It gives a compilation error:
error C2664: 'SafeRelease' : cannot convert parameter 1 from
'IDirect3DDevice9 *' to 'IUnknown *&'
I know how to write this function using templates or macros. But I want to know why this happens.
Why does this give error?
How to write it correctly?
If inheritance cannot be used for writing this function should I use templates?
Anything that I would have to be careful about when implementing it using suggested method?
COM does not permit casting interface pointers, you must use QueryInterface(). This is enforced by the C++ compiler.
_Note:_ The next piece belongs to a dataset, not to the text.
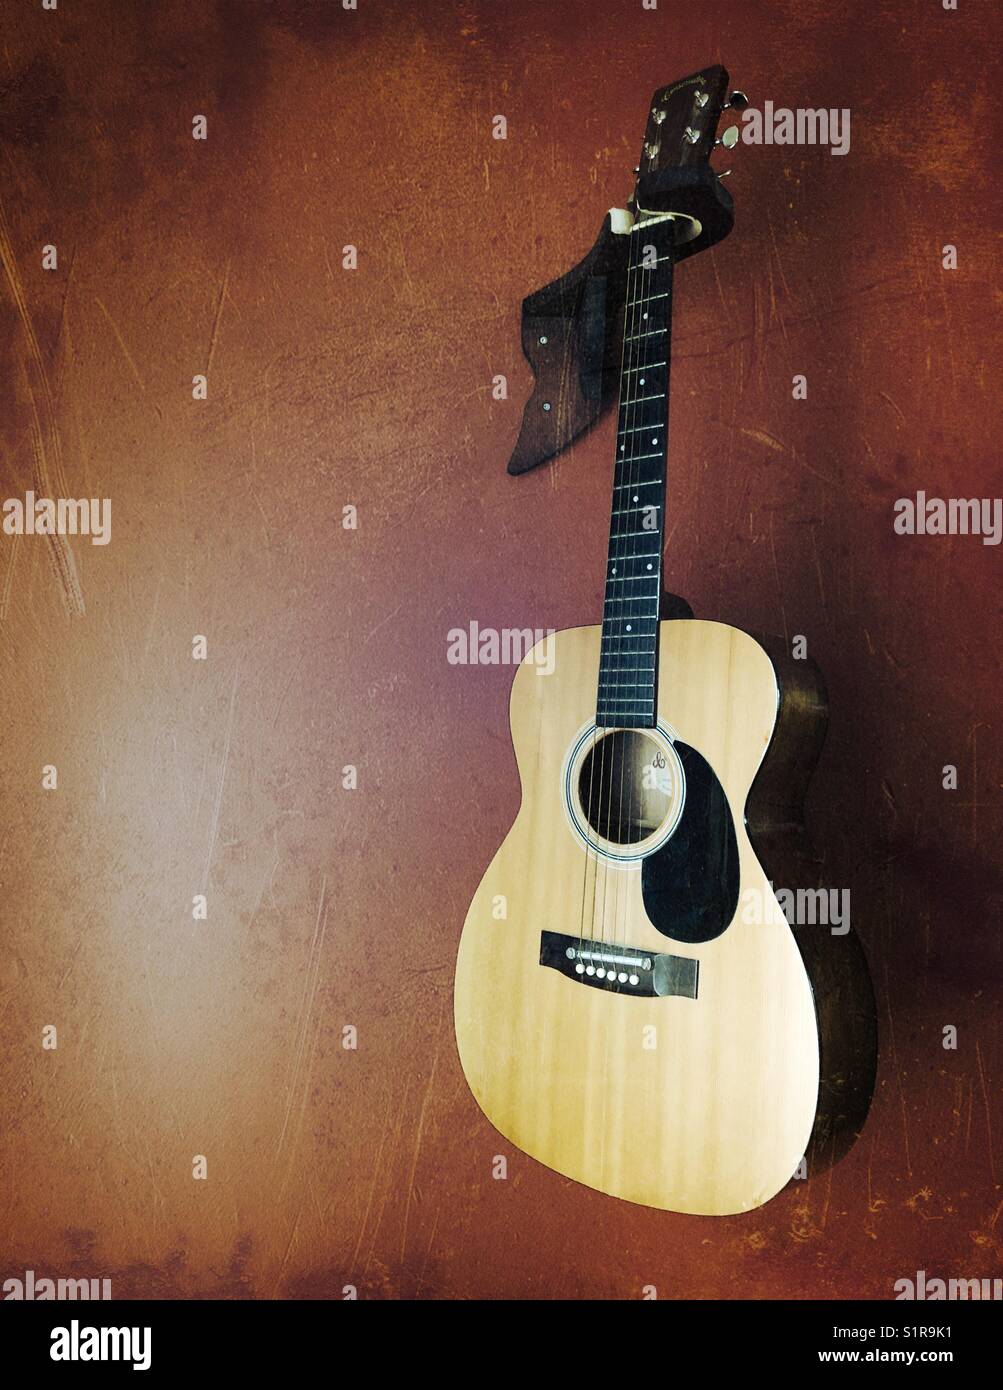 Portrait of an acoustic guitar hanging on a wall Stock Photo

Like this:
class Base {};
class Derived : /*public*/ Base {};
inline void SafeRelease(Base* & ptr) {}
void test() {
auto p = new Derived;
SafeRelease(p); // C2664
}
You can do it with a template function:
template<typename T>
inline void SafeRelease(T * & in_COM_Pointer) {
if (NULL != in_COM_Pointer) {
in_COM_Pointer->Release();
in_COM_Pointer = NULL;
}
}
Note: To fully grasp the information in this post, some knowledge about lvalues and rvalues is required.
Introduction
SafeRelease(_D3DDevice); // ill-formed
Here we try pass the address of a _D3DDevice to SetRelease, but it is not callable since it requires an lvalue (a reference to) of type pointer-to-IUnknown.
Just because Derived inherits from Base, does not mean that an lvalue pointer to Derived can be converted to an lvalue of type pointer to Base.
The implicitly conversion from Derived* to Base* will yield an rvalue.
struct A { };
struct B : A { };
void func (A*&);
B* p = ...;
func (ptr); // ill-formed, the implicitly yield `A*` is not an lvalue,
// and rvalues cannot bind to lvalues refernces
What is the "solution"?
inline void SafeRelease( IUnknown * in_COM_Pointer );
SafeRelease (&_D3DDevice); // (A)
(A) will yield a temporary of type pointer-to-IDirect3DDevice9, this pointer can implicitly turn into a pointer-to-IUnknown since IDirect3DDevice9 inherits from IUnknown.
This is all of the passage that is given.